Skip to content

Behemoth

The great land creature made alongside man, first in the works of God, whose bones are tubes of bronze and rods of iron, whose tail sways like a cedar, who lies under lotus plants and in the covert of reeds and marsh, and who cannot be taken when his eyes are open. Job 40.

Job 40:15–24, Made with Man, First in God's Works, The Identification Debate

Scripture references: Job 40:15–24

Behemoth in Scripture

Job 40:15, "Behold, Behemoth, which I made as I made you; he eats grass like an ox." YHWH introduces Behemoth to Job as a creature he made in the same act that made Job: "which I made as I made you" (אֲשֶׁר עָשִׂיתִי עִמָּךְ). The comparison is deliberate, the first thing said about Behemoth is its creaturely solidarity with man. It is not a divine being or a monster from outside creation; it is a creature, made by the same Maker who made the human being who is being challenged.

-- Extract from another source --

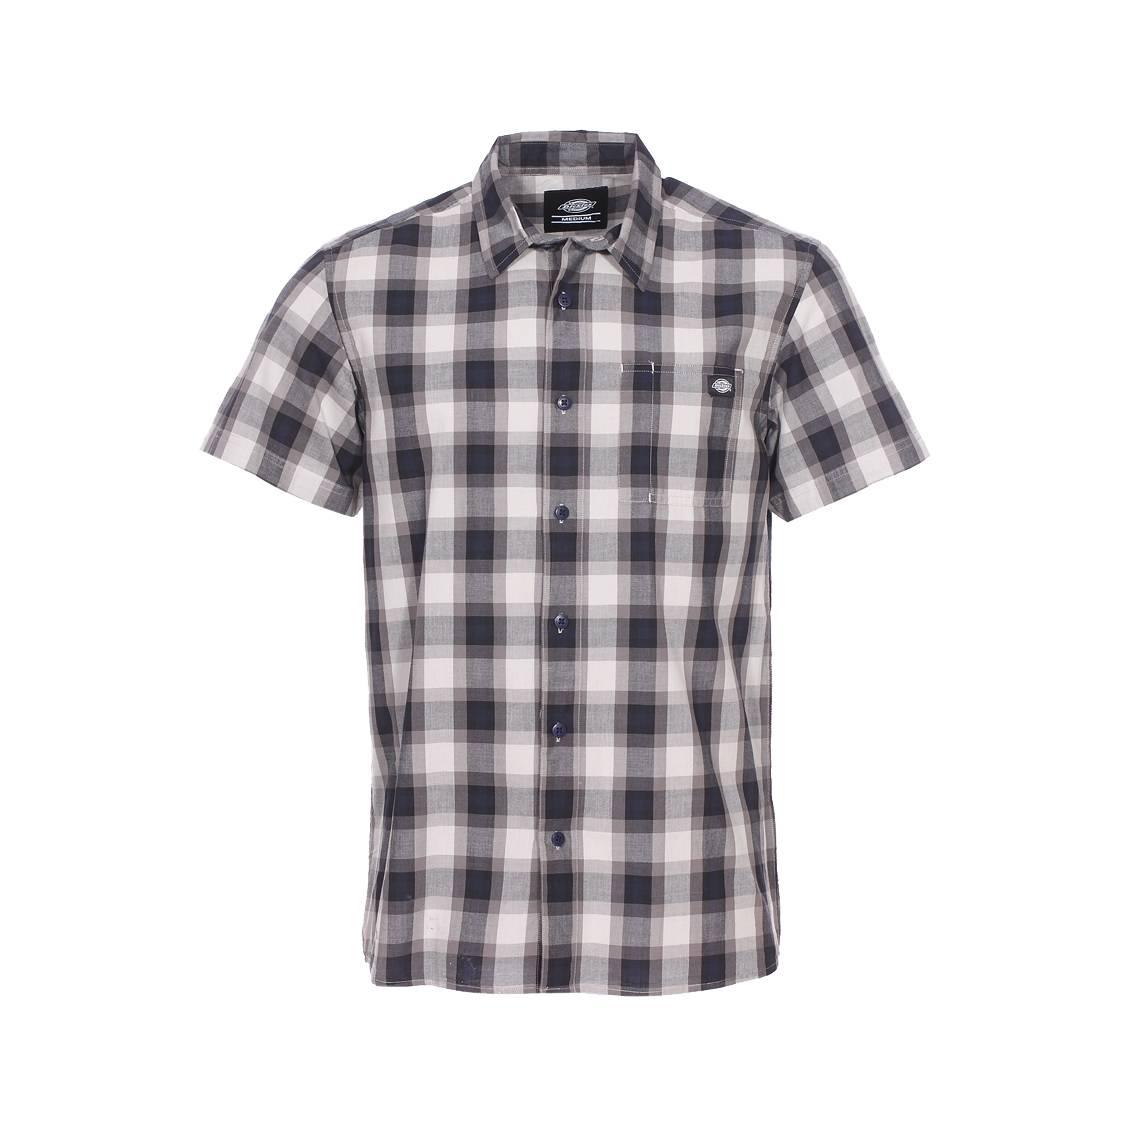 Chemise manches courtes  bryson en coton à carreaux gris et bleu marine

"He eats grass like an ox", the eating behavior is the first description, and it is mundane. The most powerful land creature eats grass. The size of its appetite is suggested not by what it eats but by how much: "the mountains yield food for him where all the wild beasts play" (40:20).

"First in the works of God", verse 19: "He is the first of the works of God; let him who made him bring near his sword." Bereshit, first in God's works, is a title of primacy and significance. Whether this means Behemoth was the first creature made, or the greatest, or both, is debated. The one who made him could alone challenge him with a sword; no human could.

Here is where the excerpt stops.